→ **Exercise data**:
Start of Block

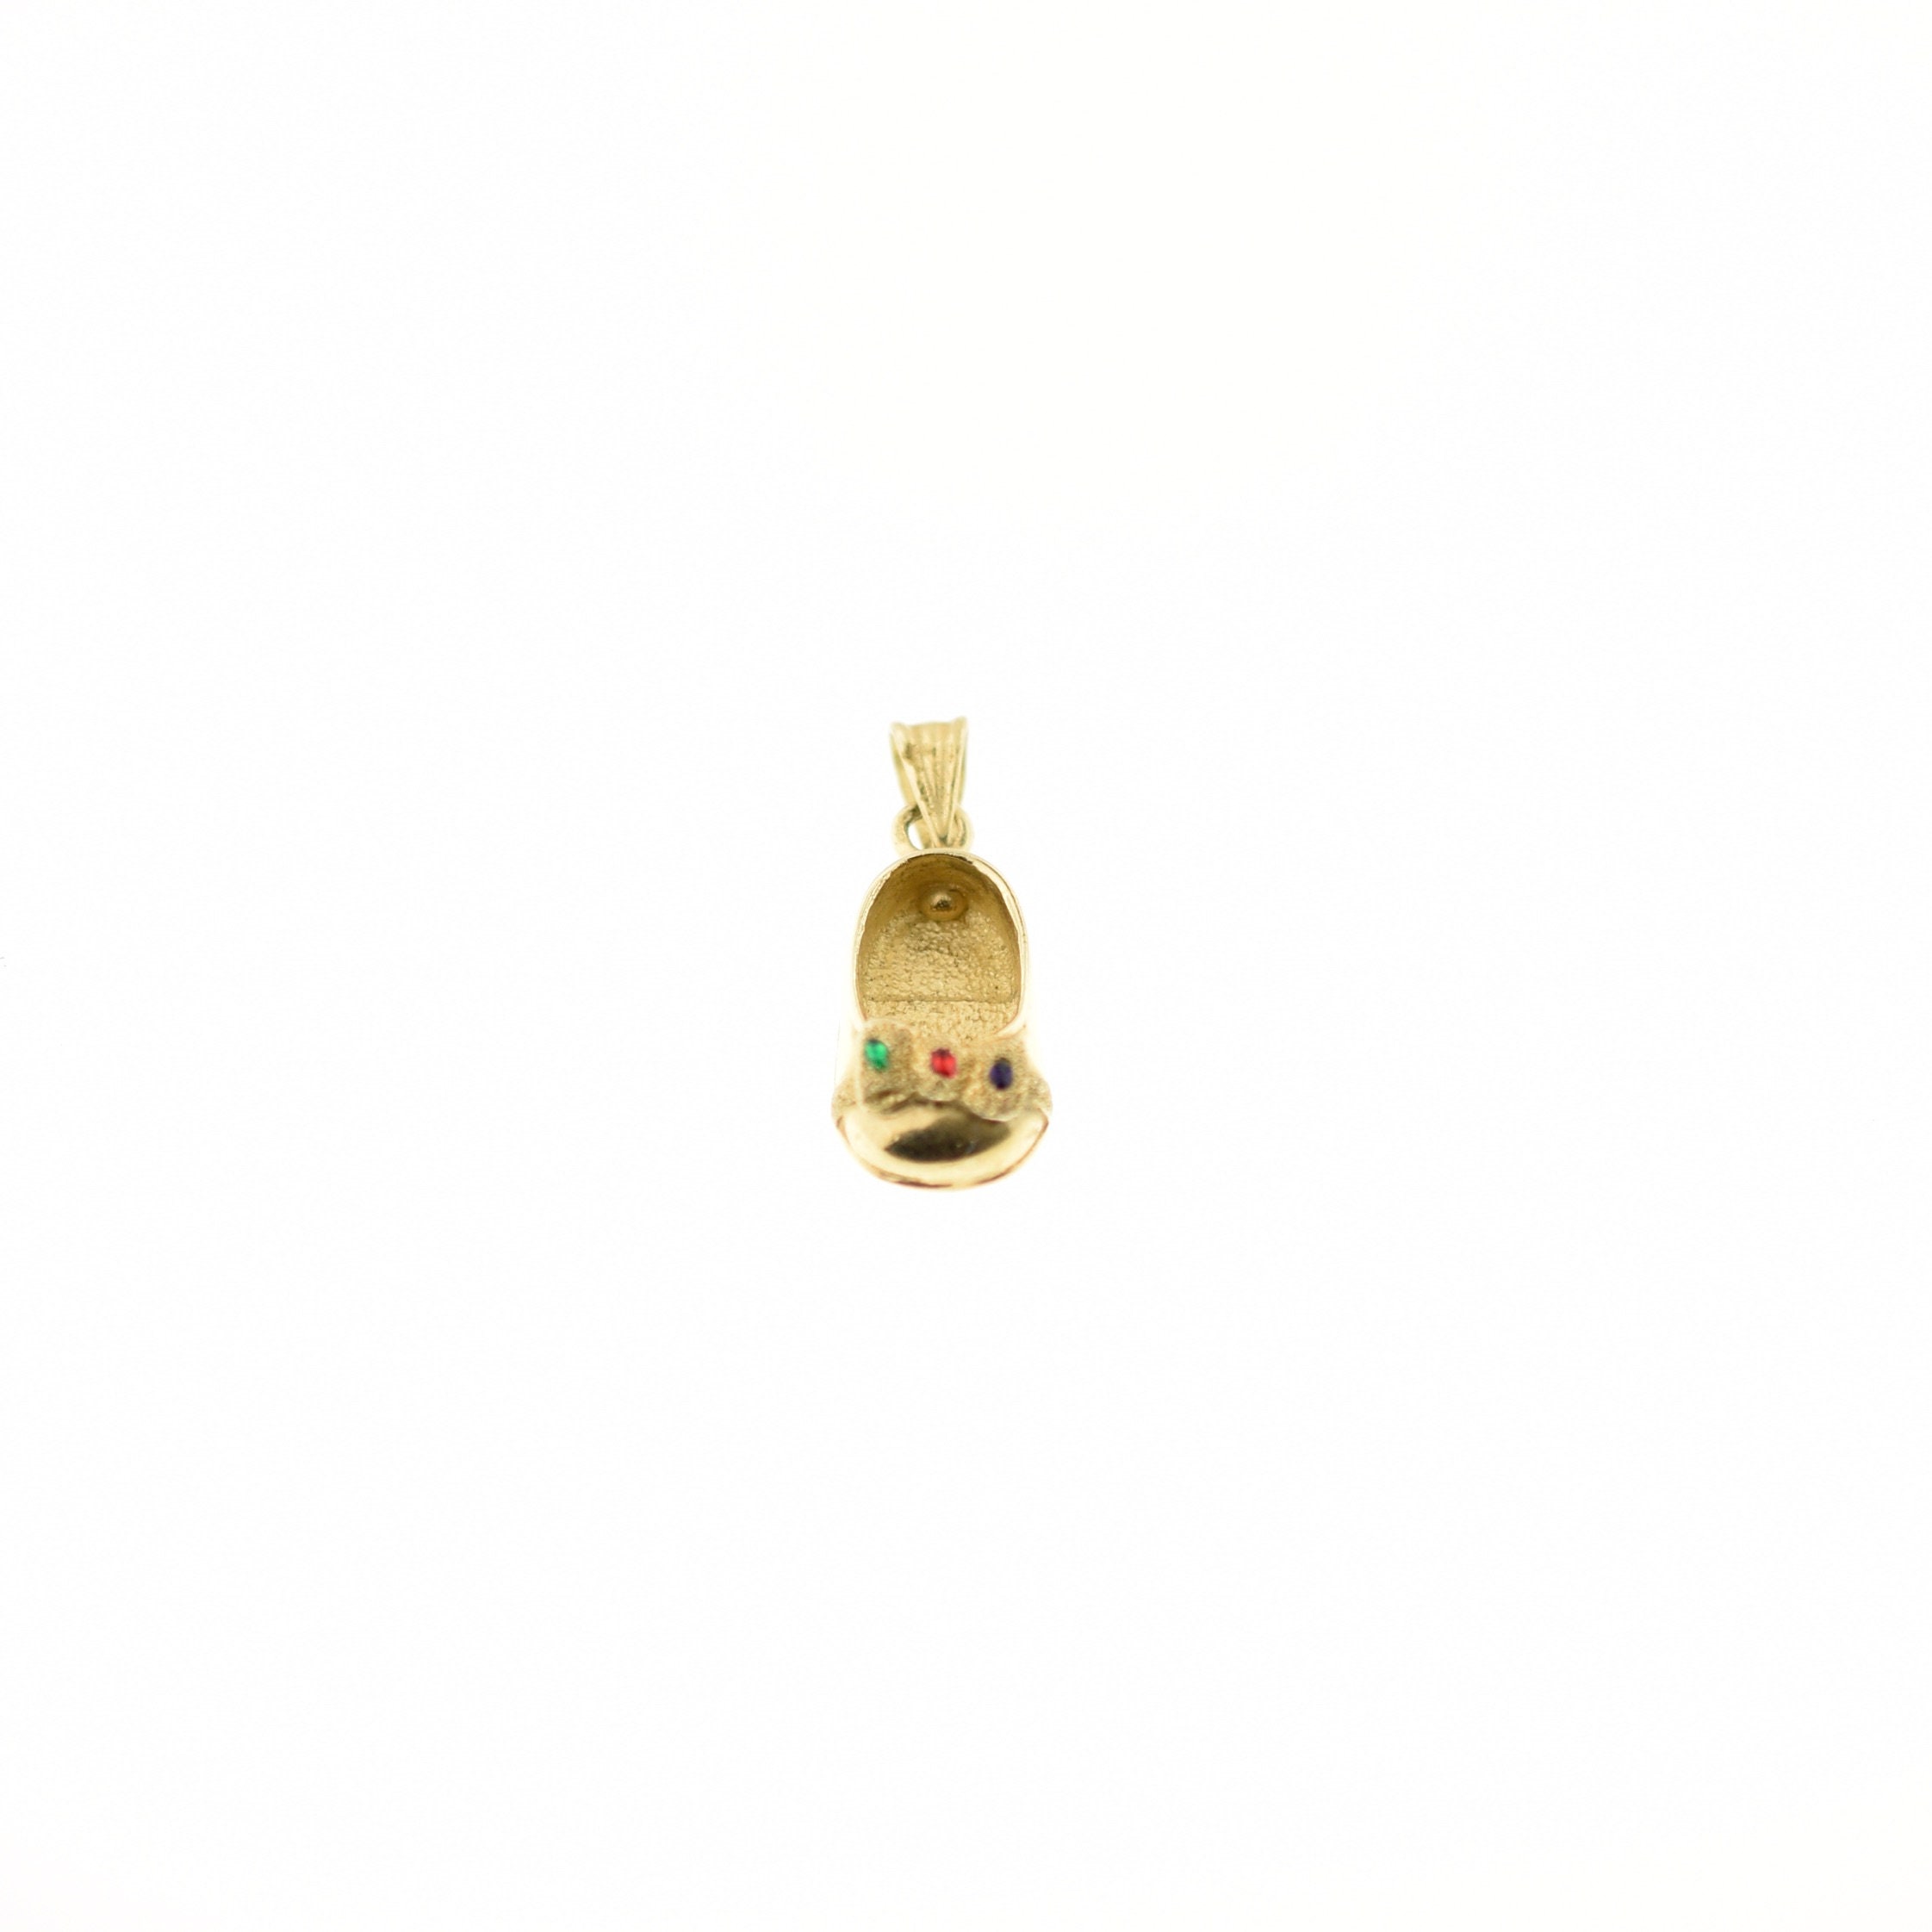 14k Yellow Gold Baby Shoe Birthstone Charm or Pendant
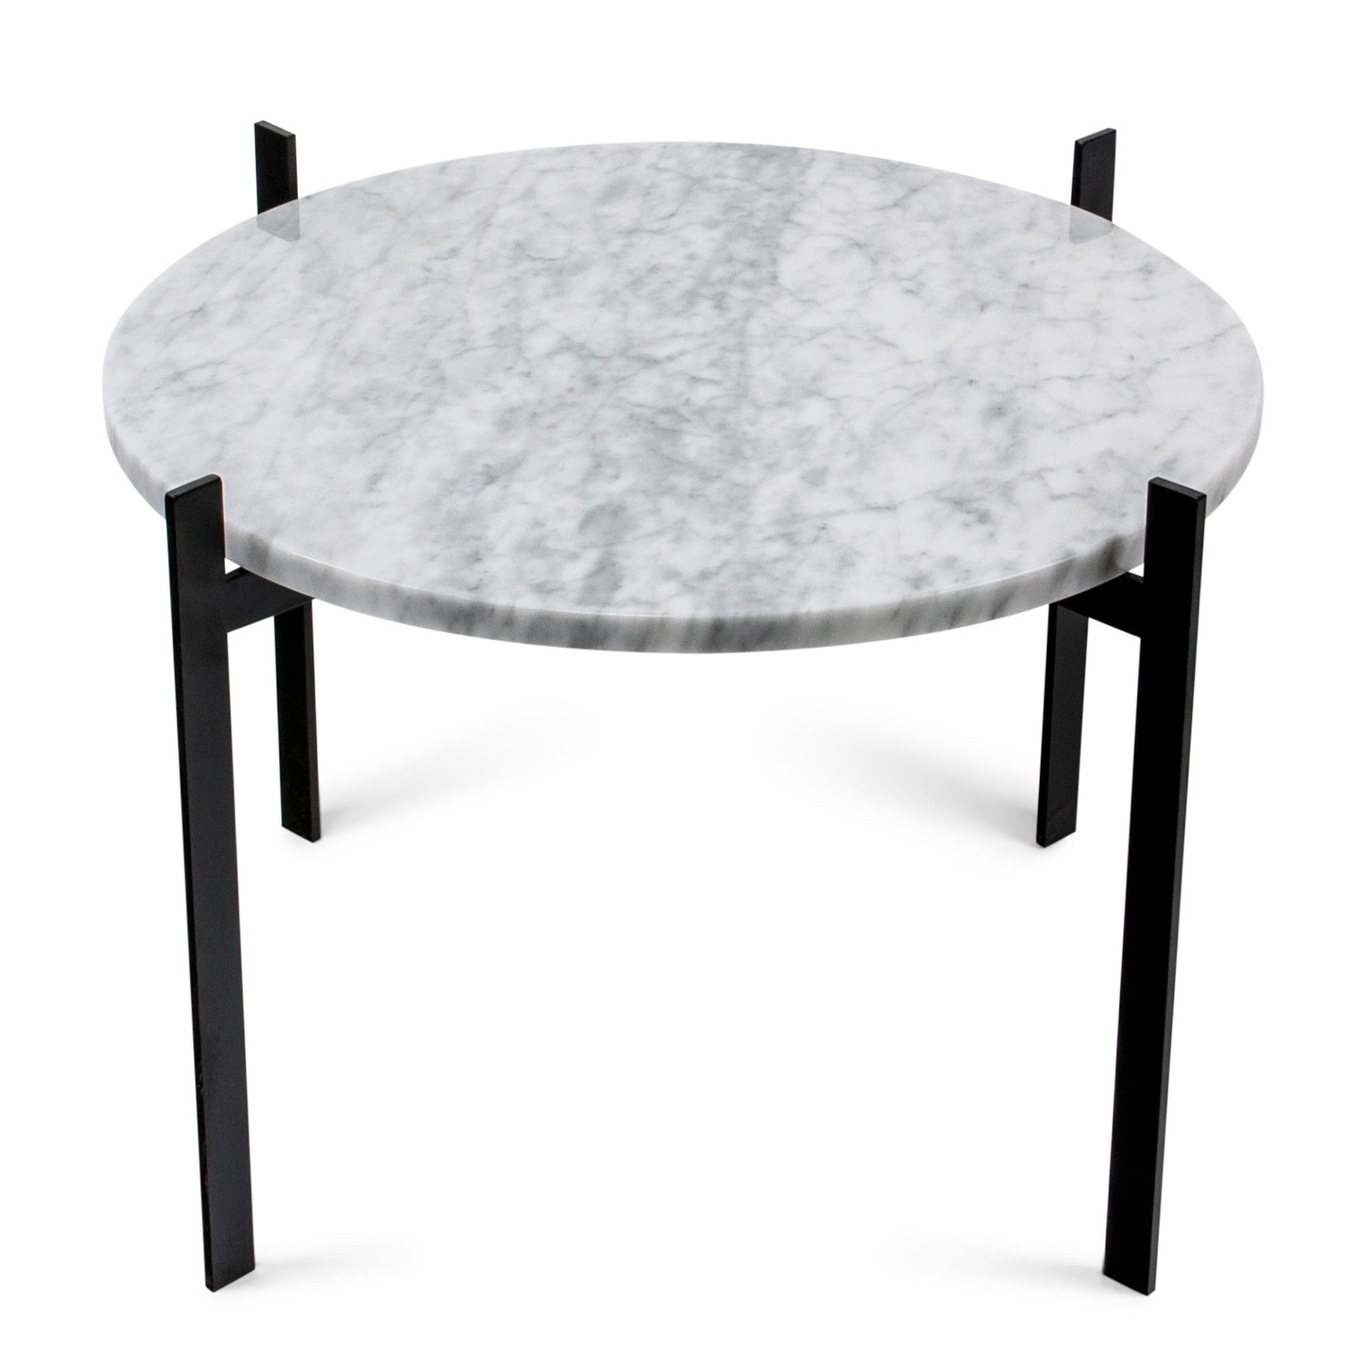 Single Deck Table, Black Base, White Marble
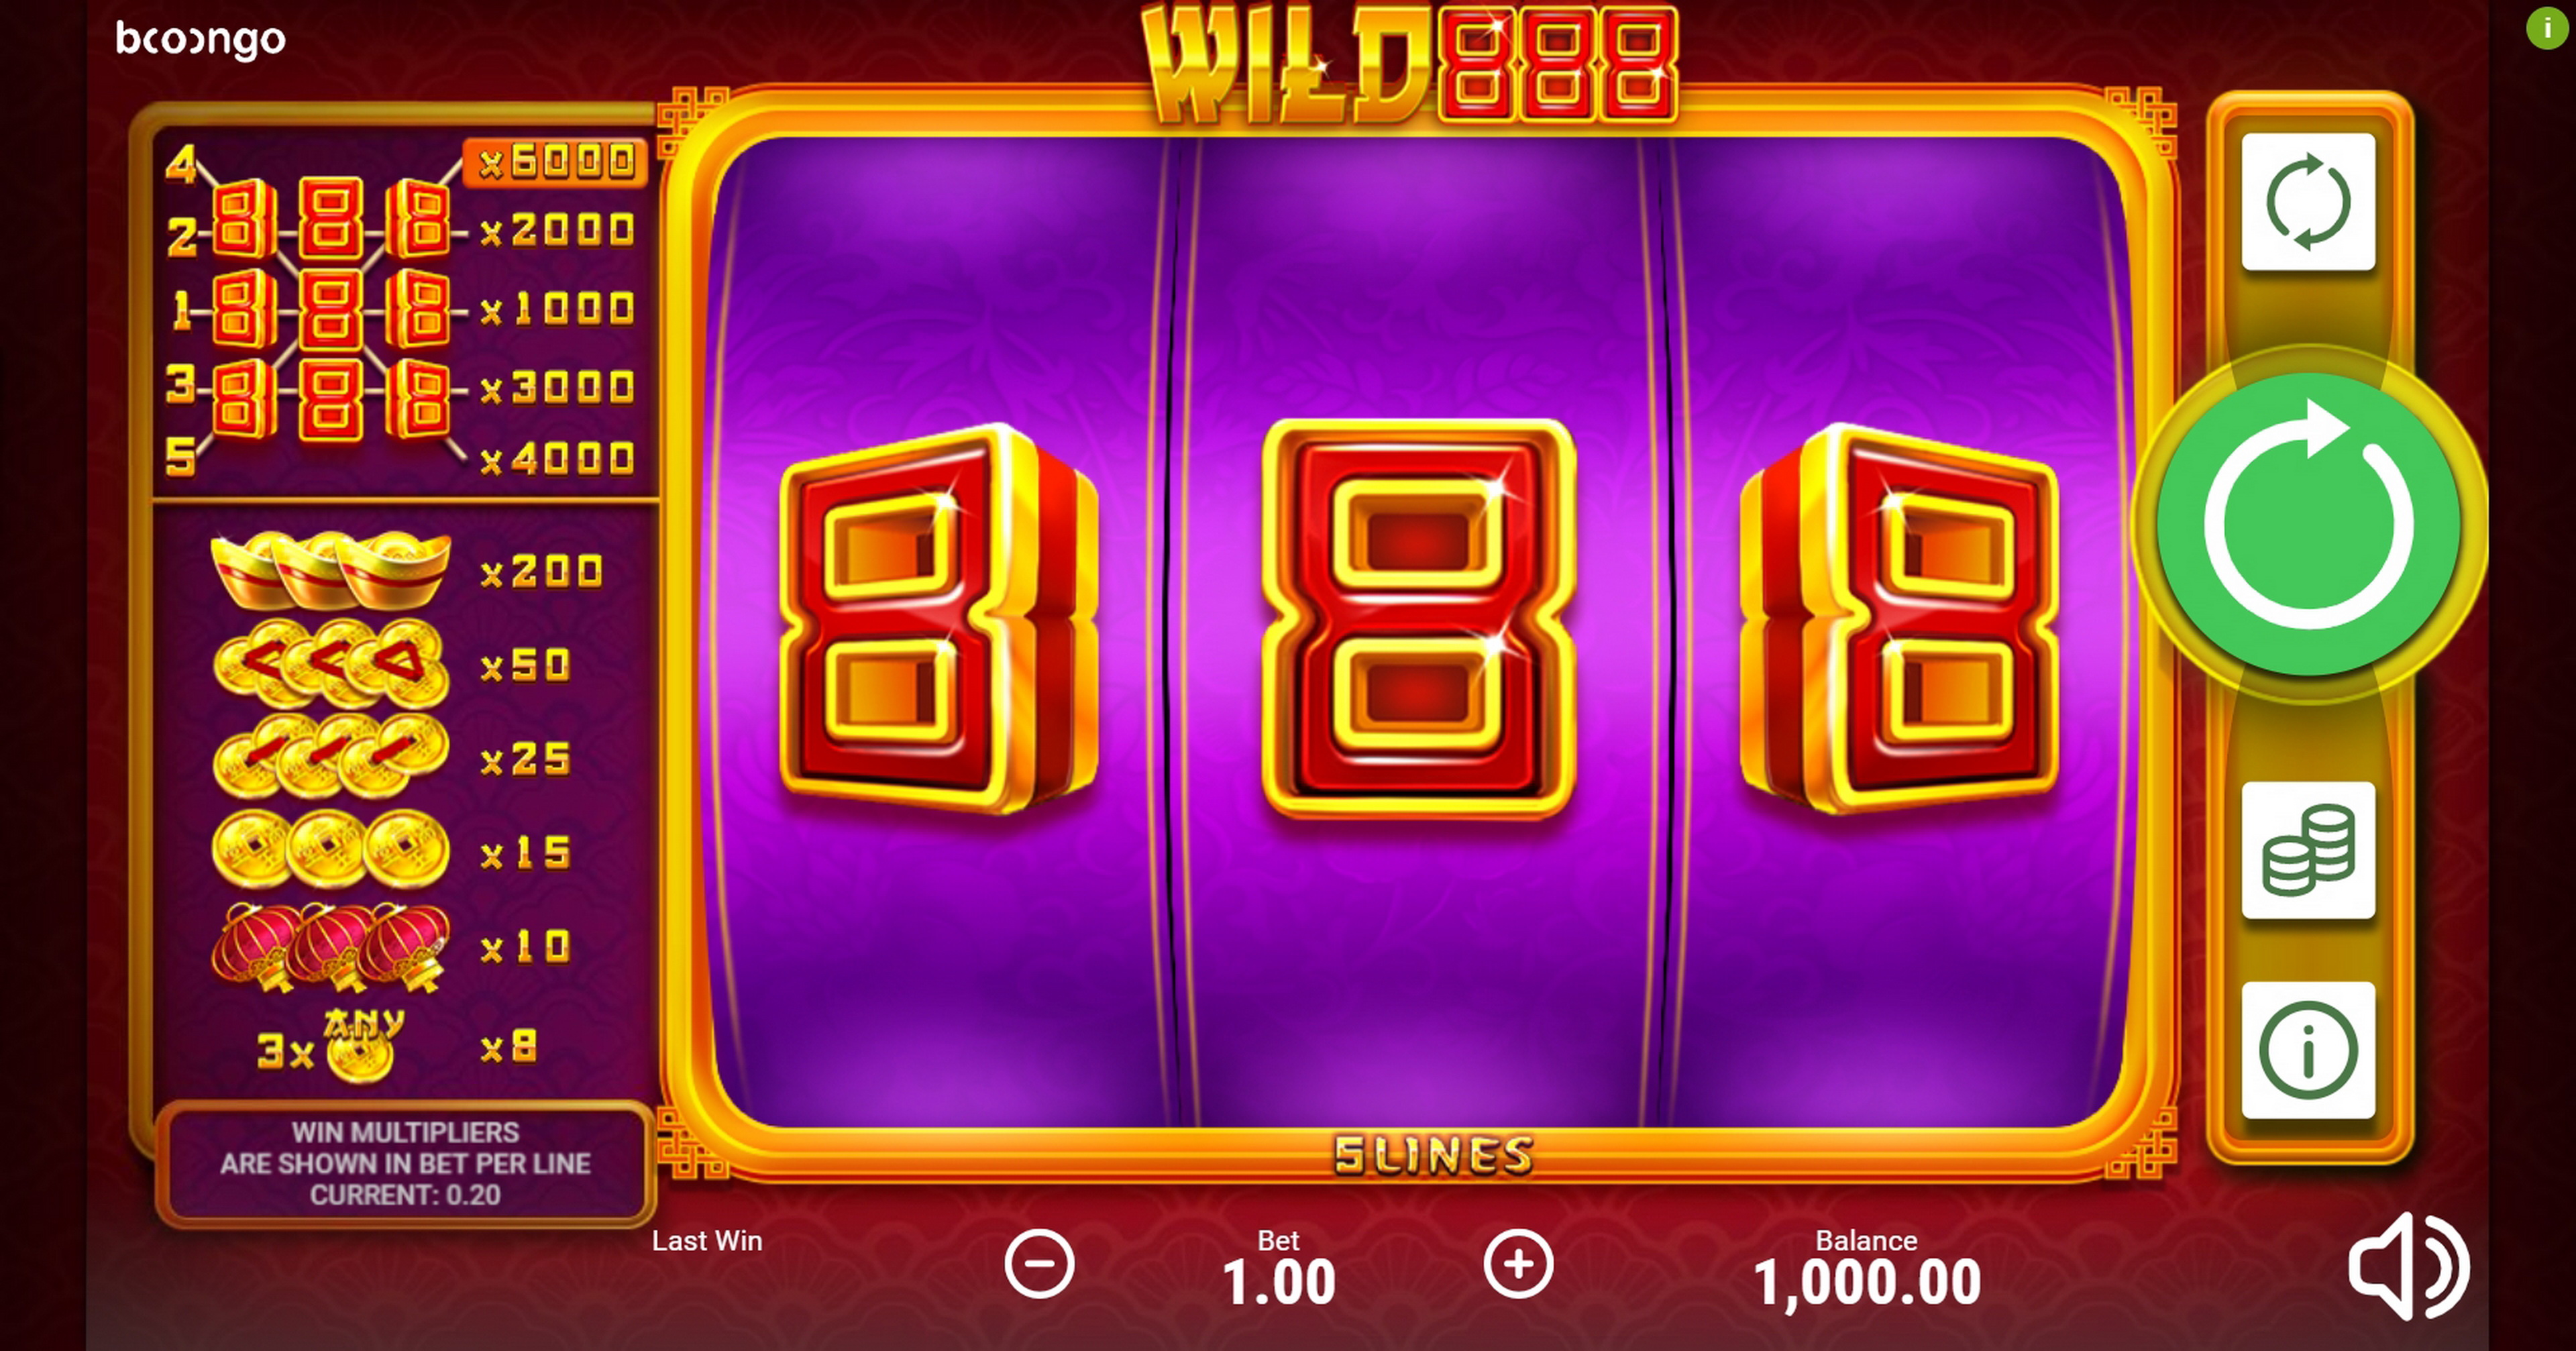 Reels in Wild 888 Slot Game by Booongo Gaming

End of Block

→ **Task requirements**: Keep the pictures out of your answer, which should be the lines from the one with "Single Deck Table, Black Base, White Marble" through the final line of the data, copied exactly.

→ **Exercise response**:
 Single Deck Table, Black Base, White Marble
 Reels in Wild 888 Slot Game by Booongo Gaming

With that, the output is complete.